Una Pasión breve
Solistas: Miguel Bernal, tenor (Evangelista). Irene Román, soprano; José Carrión, contratenor; Paco Romero, tenor; Alejandro Ramírez, bajo (Jesús). Director: Martí Sanmartí. Programa: 'Pasión según San Juan' de Bach. Lugar: Salón de Actos Cajasol. Fecha: Domingo 16 de marzo. Aforo: Media entrada.

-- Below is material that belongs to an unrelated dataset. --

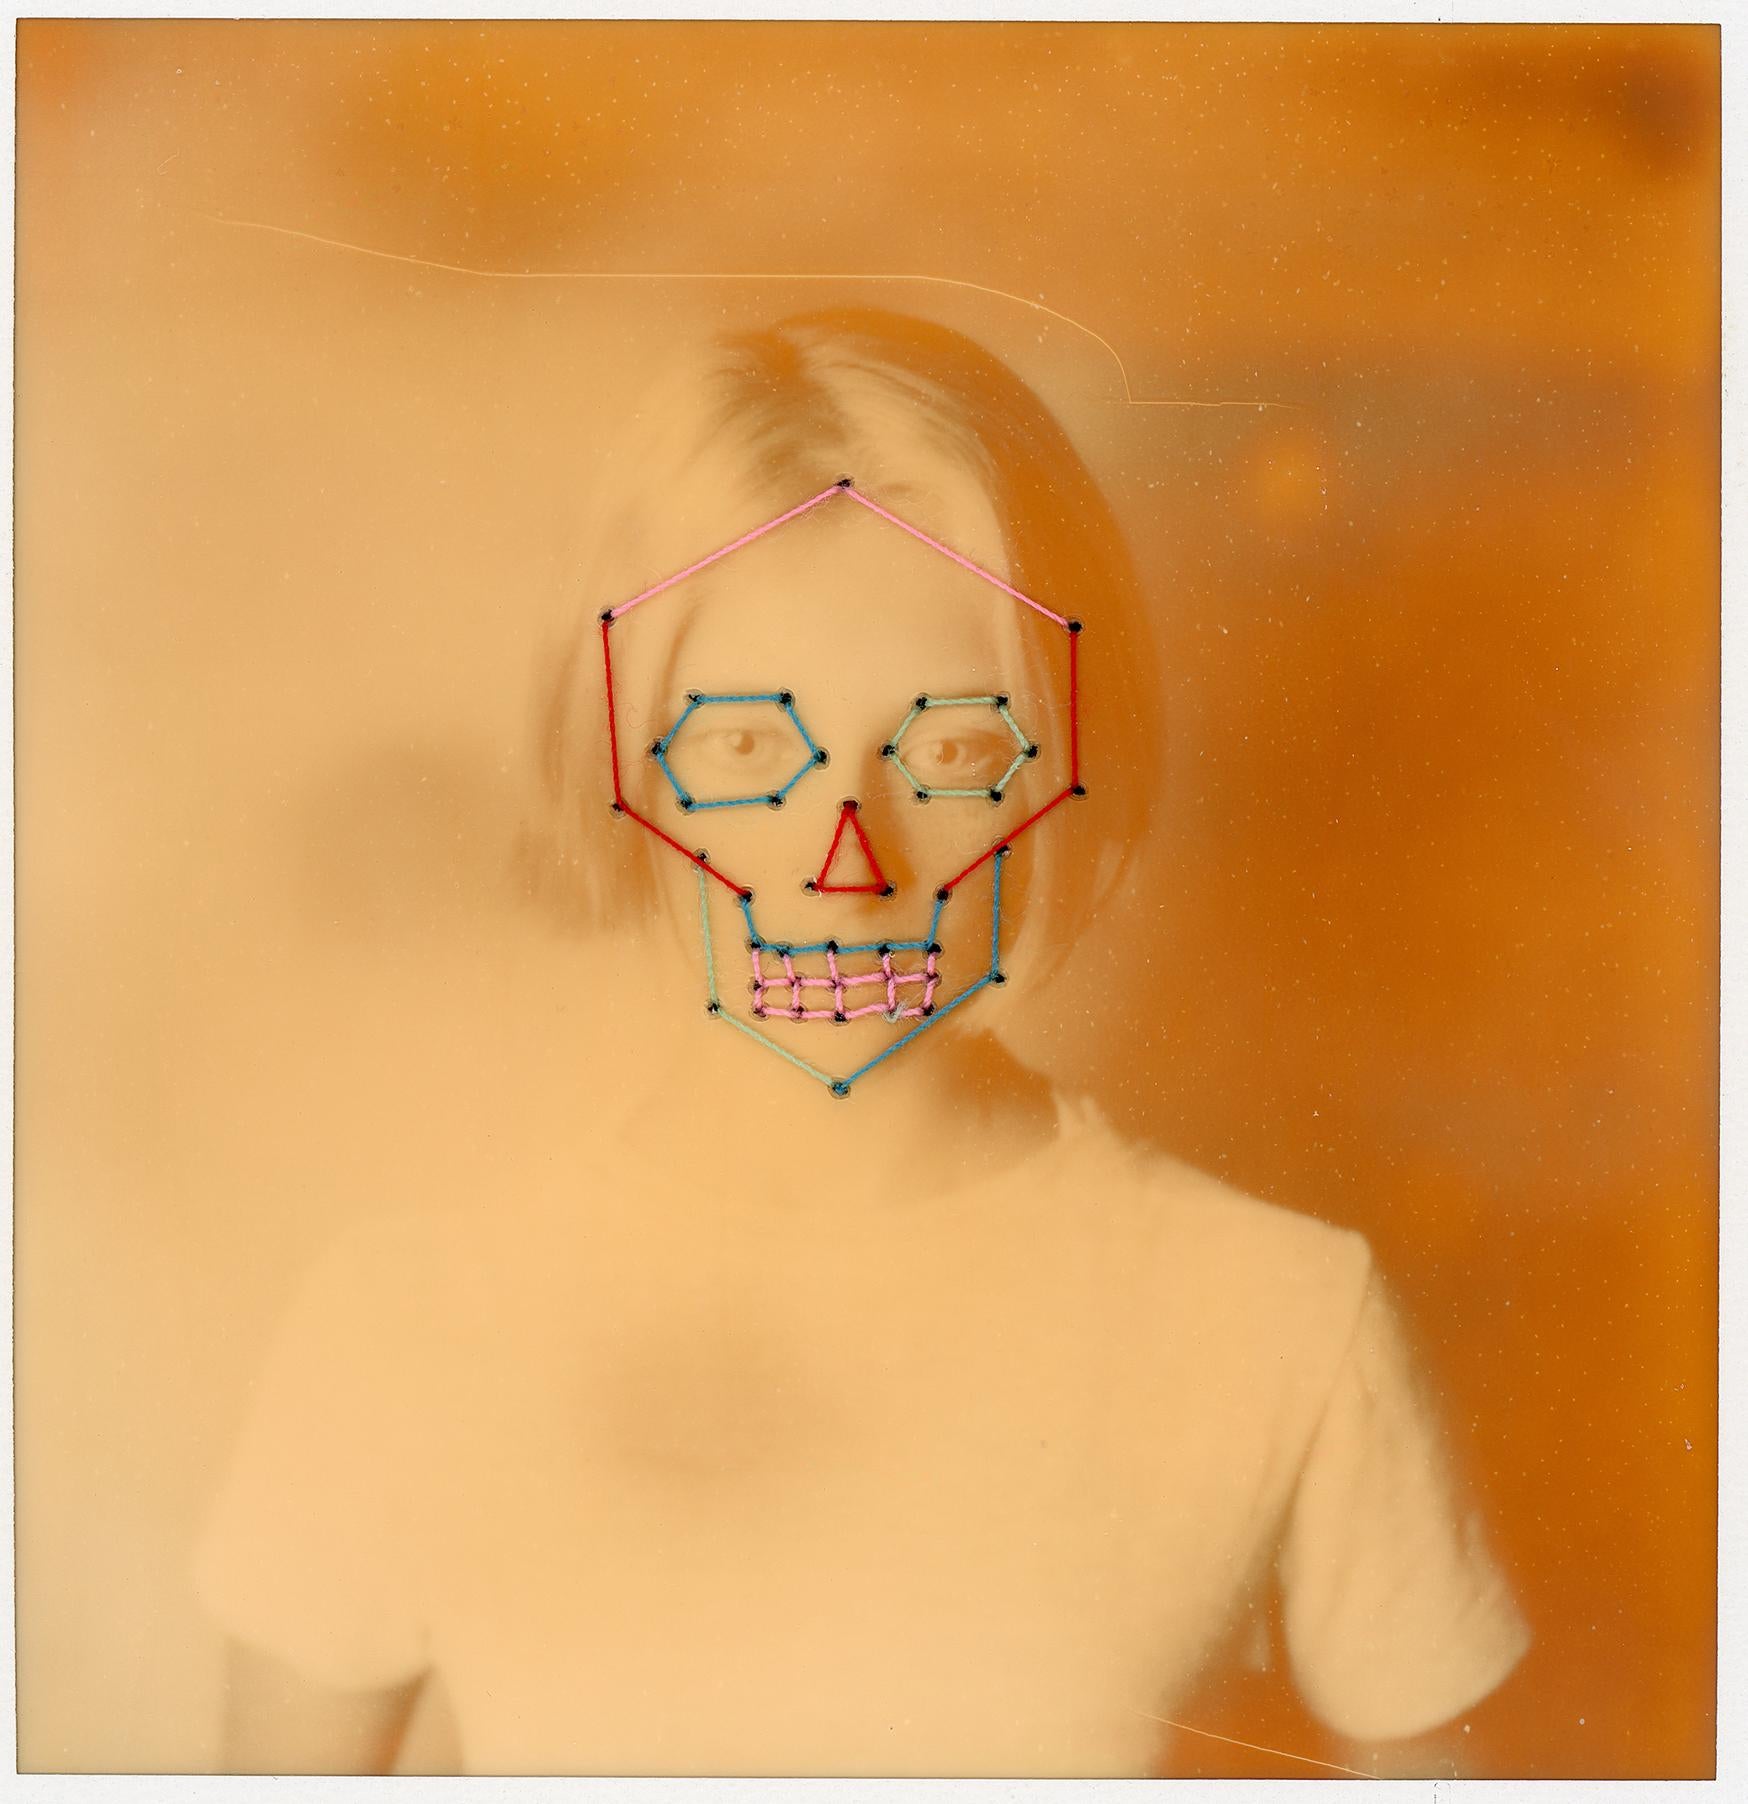 Portrait Photograph Urizen Freaza - Tempus Fugit - Contemporain, Conceptuel, Polaroid, 21e siècle, Couleur, Portrait

Las pasiones de Bach se cuentan entre las obras más profundas y admiradas del canon occidental. Aunque en otros países de nuestro entorno (y en otras ciudades de nuestro país) está bien establecida la tradición de ofrecerlas en época cuaresmal, en Sevilla cuesta ver y escuchar una Pasión sobre un escenario, de forma que cualquier esfuerzo encaminado a ese fin merezca ser aplaudido. Siguiendo la moderna corriente minimalista (una voz por parte musical tanto en el coro como en la orquesta), lo que permite un ahorro considerable de costes, Martí Sanmartí volvió a presentar por segundo año consecutivo la pequeña de las dos pasiones bachianas que han sobrevivido, la escrita sobre el evangelio de San Juan, en un empeño cuyas expectativas superaron a sus logros.
Y es que reducir los dispositivos para la interpretación no debería suponer recorte alguno de la integridad y calidades de la obra, que se presentó muy recortada, entre otras cosas, sin las arias de bajo, a causa de la falta de un segundo cantante con esta tesitura en la nómina de solistas (bastante tenía Alejandro Ramírez con cantar las partes corales y hacer el papel de Jesús y otros personajes del drama). Algunos desequilibrios, por ejemplo, la precariedad de determinados unísonos entre parejas instrumentales (singularmente, flautas y oboes) o el oscurecimiento general de los violines y la viola parecieron hablar también de falta de ensayos, pues el equipo instrumental era de muy notable nivel.
Buenas las prestaciones de Miguel Bernal, uno de los tenores más experimentados y destacados de la música antigua española, como Evangelista entre lo lírico y lo dramático, acompañado de forma excelente por un sólido continuo, en el que brilló especialmente el fagot de un muy inspirado Luis Castillo, de sonido bellísimo. Los recitativos fueron lo mejor de la sesión matinal. Correcto Ramírez como Jesús, algo corto en los extremos de su tesitura. En cuanto a las arias, destacó el contratenor José Carrión, muy expresivo en el extraordinario lamento Es ist vollbracht, que Sanmartí acompañó con una viola da gamba de insegura afinación. La soprano Irene Román cantó sus dos arias con corrección, sin estridencias, pero algo corta de vuelo lírico y matices. Intenso, pero de articulación poco clara, el tenor Paco Romero. Los grandes coros de entrada y salida sonaron esquemáticos y algo confusos. Mucho mejor, por momento encantadores, los corales y con intención dramática muy apreciable los coros de turba. La iniciativa es audaz e interesante y con algo más de medios podría resultar ideal para complementar la oferta institucional sevillana.